By Julia Duggan
Staff Writer
The College will begin offering a new interdisciplinary Broadcast and Multimedia Journalism minor for the fall semester. The new minor is designed to give students knowledge and experience in the vast broadcast journalism industry.
“I am very excited for this new minor,” said Donna Shaw, the chair of the Journalism and Professional Writing department. “We have been working on this for the past three years, so it is exciting to see it available to students.”
The driving force behind creating this new minor is the students, according to Shaw. Students from both the Journalism and Professional Writing department and Communication Studies department have been looking for more ways to improve their knowledge and experience before they apply for internships, Shaw said.
“I think with broadcast I am going to develop a lot of new skills that will open doors for me in my career,” said Emmy Liederman, a senior journalism and professional writing major who has decided to add the minor toward her degree.
After noticing a gap between the classroom and internships, Shaw, along with communication studies professor Paul D’Angelo, began collaborating to create the minor. Ideally, the combined minor would give the students more opportunities to grow before starting a professional internship.
“Technically, we have all five departments under the School of Arts and Communication represented in this new minor,” Shaw said. All five departments have at least one course for this minor — including the music department with their Audio Recording class.
“We have not done a lot of collaboration between the majors so I feel like this minor will be a good opportunity to just meet new people who have different career goals and ambitions and connect that with our projects,” Liederman said.
Shaw is also excited for the broadcast journalism course. The journalism department has hired a new adjunct professor, Lauren Dugan, to teach the course.
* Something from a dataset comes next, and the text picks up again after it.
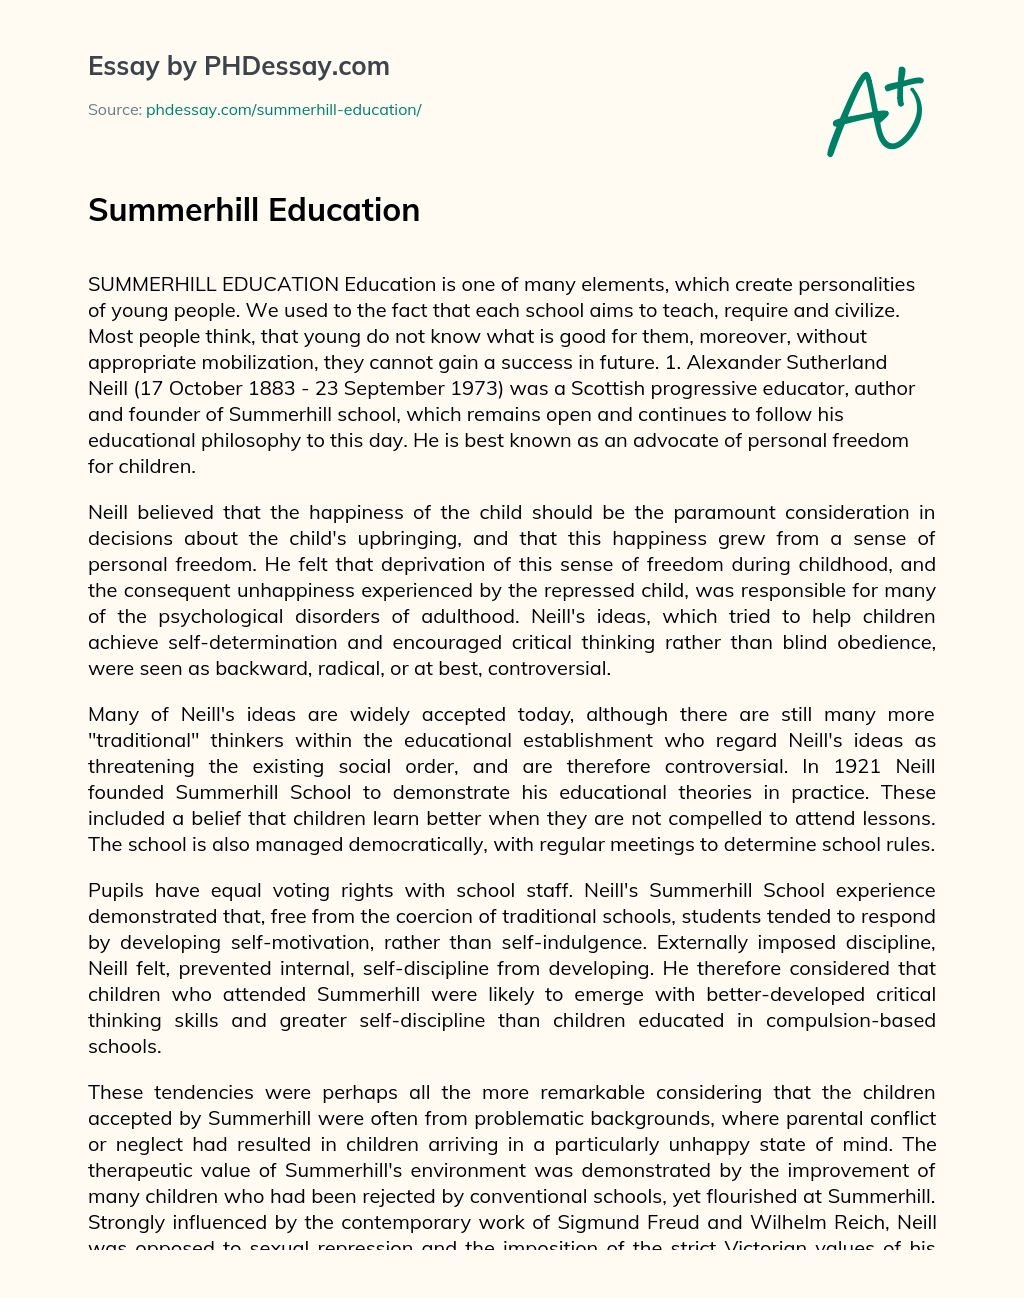 Education at Summerhill essay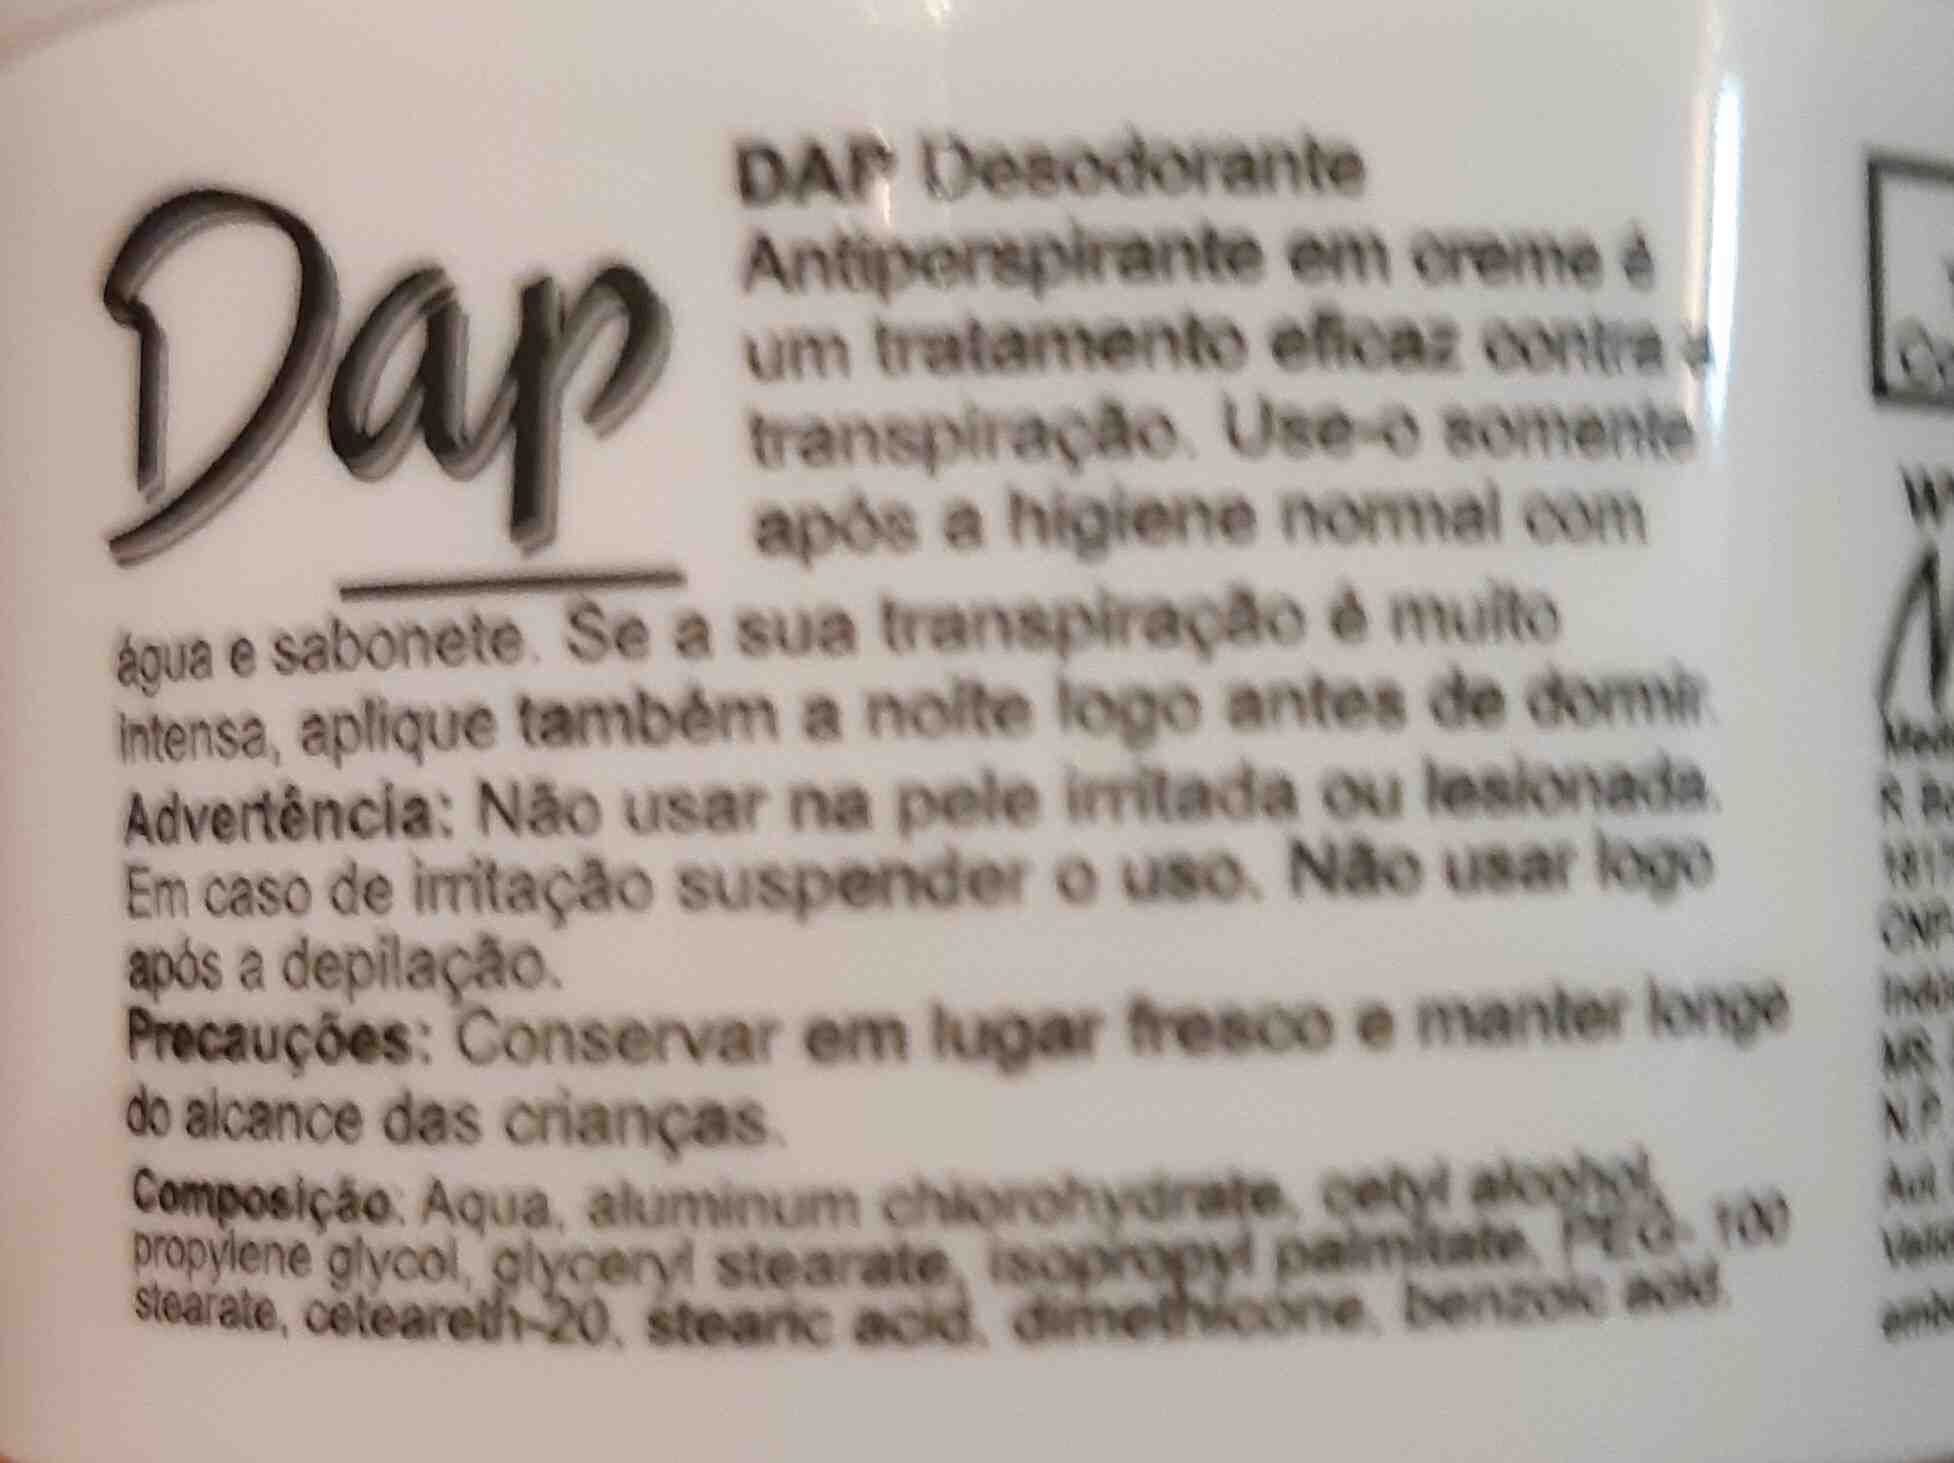 Dap desodorante - 原材料 - en

“I am just so excited to get to know the students because I was a student just a couple years ago and the only way I was able to get to where I am now is because I had so many people helping me every step of the way,” Dugan said. “I had so many professors helping me get internships. Then when I was in the internships I had so many reporters critiquing my work and kind of guiding me along the way. So I am just so excited to get to know the students, answer some of their questions, hear from what they're saying about what they think news is right now, and help them out because I want to do for someone else what so many people did for me.”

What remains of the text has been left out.